Enfim, escrevo não apenas como um desabafo, mas na busca de sensibilizar pessoas, pois quem é acometido ou até nutre pensamentos e hábitos suicidas muitas vezes não transparece isso. Por isso, venho apelar para a generosidade das pessoas. Talvez se eu tivesse me sentido mais amado pelas garotas, eu teria atenuado isso antes e de modo mais fácil. Talvez se as pessoas ao meu redor estivessem mais preocupadas comigo e não com que eu me amoldasse a padrões que não tornavam nem mesmo elas felizes, eu tivesse aprendido a me respeitar mais. De toda maneira, não culpo ninguém, nem a mim mesmo e vejo que por mais que o mundo externo pudesse ter colaborado, é o meu filtro que importa. Com isso, apelo aos suicidas em potencial para que busquem a razão, a lógica e o controle emocional. Afinal, embora eu concorde com que a pessoa se mate em caso de doenças realmente incuráveis nas quais não faz sentido que se prolongue o sofrimento, para todas as outras situações sempre há uma saída.

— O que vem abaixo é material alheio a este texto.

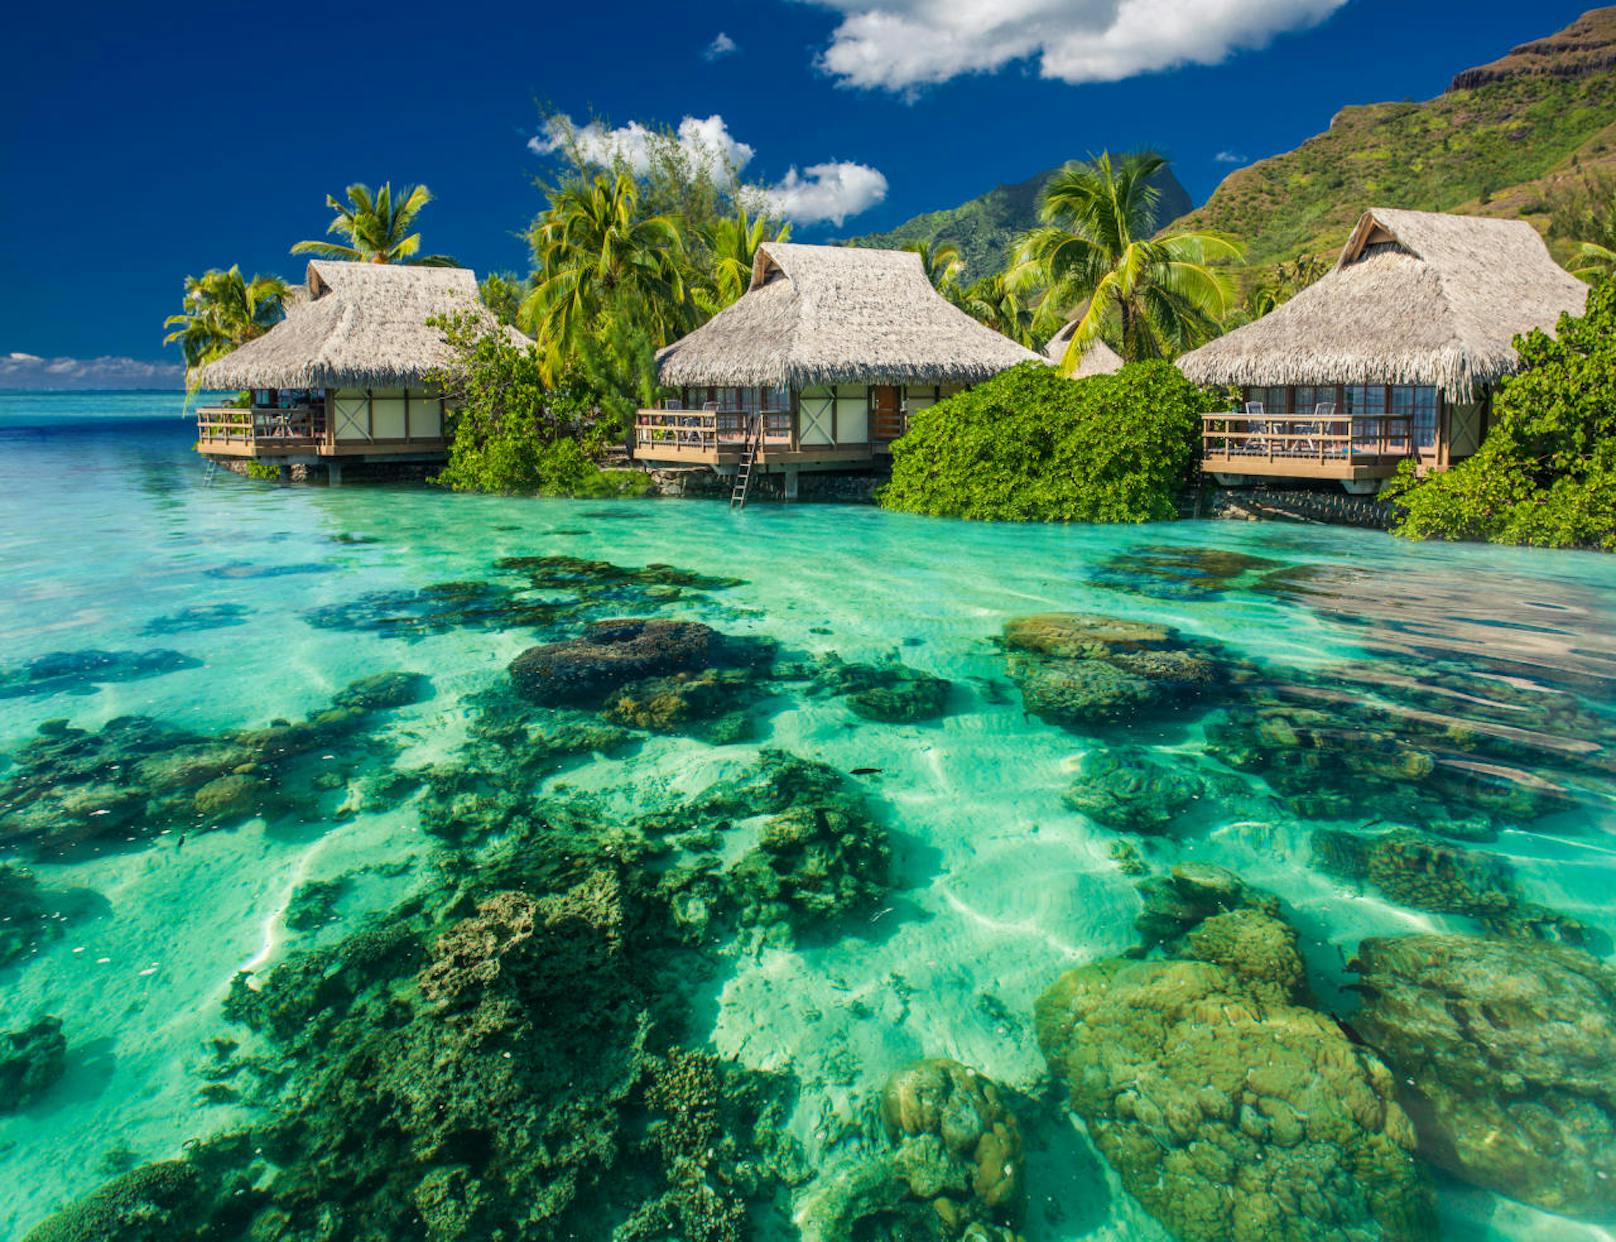 «Ich war noch nie auf Tahiti, und sehe es im Moment überall ... Jedes Mal, wenn ich die Sendung Below Deck schaue, denke ich: Wir müssen unbedingt nach Tahiti! Es sieht so toll aus und ist definitiv auf meiner Bucket List.»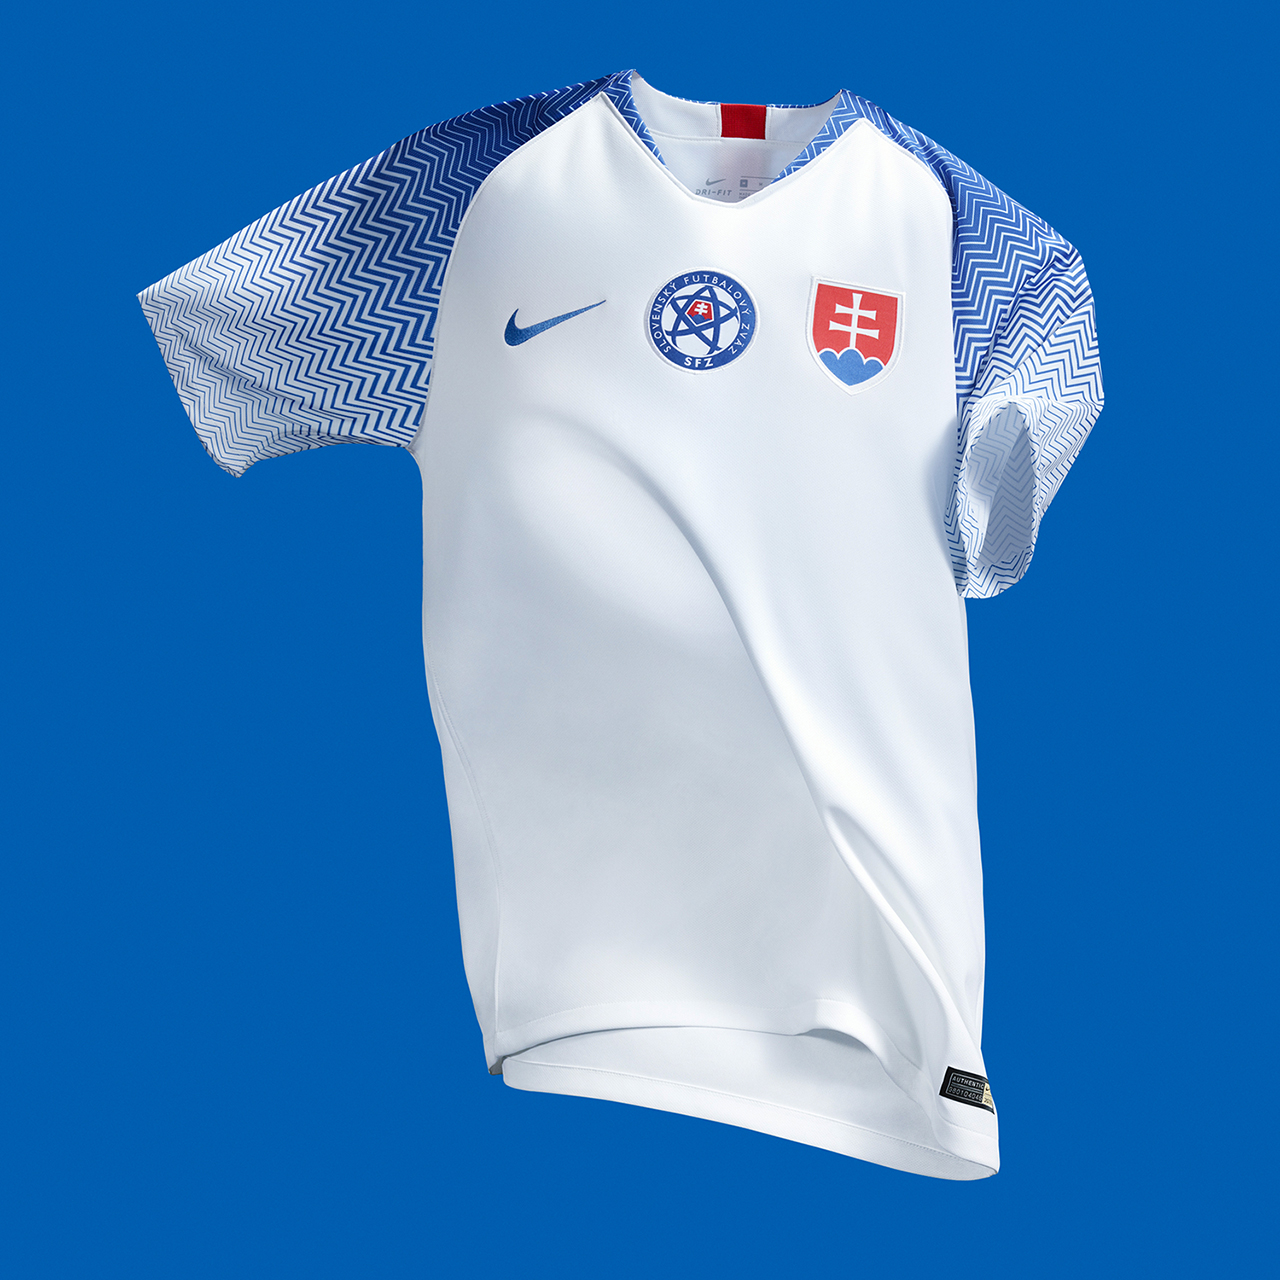 Camiseta Nike de Eslovaquia 2018

Não sei dos outros, mas tenho vontade de me matar ou matar o mundo inteiro quando vejo a situação lastimável em que nosso país se encontra ou mesmo em que o planeta todo se encontra, quando vejo que muitas pessoas estão mais preocupadas com valores absurdos do que com o que realmente importa… O pensamento suicida surge como uma saída possível para o desespero financeiro, o desânimo profissional, a apatia sexual e tantas outras mazelas pessoais, como dores crônicas que (ironicamente), a maconha alivia sem causar os efeitos colaterais e o perigo que os opióides provocam. Entretanto, quando lembro das pessoas ao meu redor que ainda gostam de mim ou das coisas boas que ainda posso fazer pelo mundo, vejo o suicídio como um egoísmo descabido, que só vai disseminar mais sofrimento e gerar mais problemas.

Para terminar, registro que o único caminho para sair do estado suicida é a busca pela positividade, com auxílio dos esportes, da arte, do humor e do humanismo em geral, independente de religiões, sempre tomadas de objetivos inescrutáveis que nos colocam em último lugar (claro, há exceções) e de regras que nos colocam em conflito com nossa natureza ambígua. A você que tem a sorte de não ser assolado pelo “fantasma suicida”, peço respeito com quem o seja, pois lhe garanto que ninguém, se pudesse escolher, gostaria de ser rondado por esse “demônio”.

Quem quer ajudar, quer mudar o mundo, comece com seus familiares e amigos, pois tenho certeza que algum deles padece desse mal silencioso, que corrói a mente e pode levar à loucura, à morte e até mesmo ao homicídio em massa. Ouça, busque compreender e jamais julgue, pois só o frio escuro da madrugada conhece a amargura que um ser humano pode estar enfrentando calado, posando de feliz para não agravar ainda mais sua própria situação”.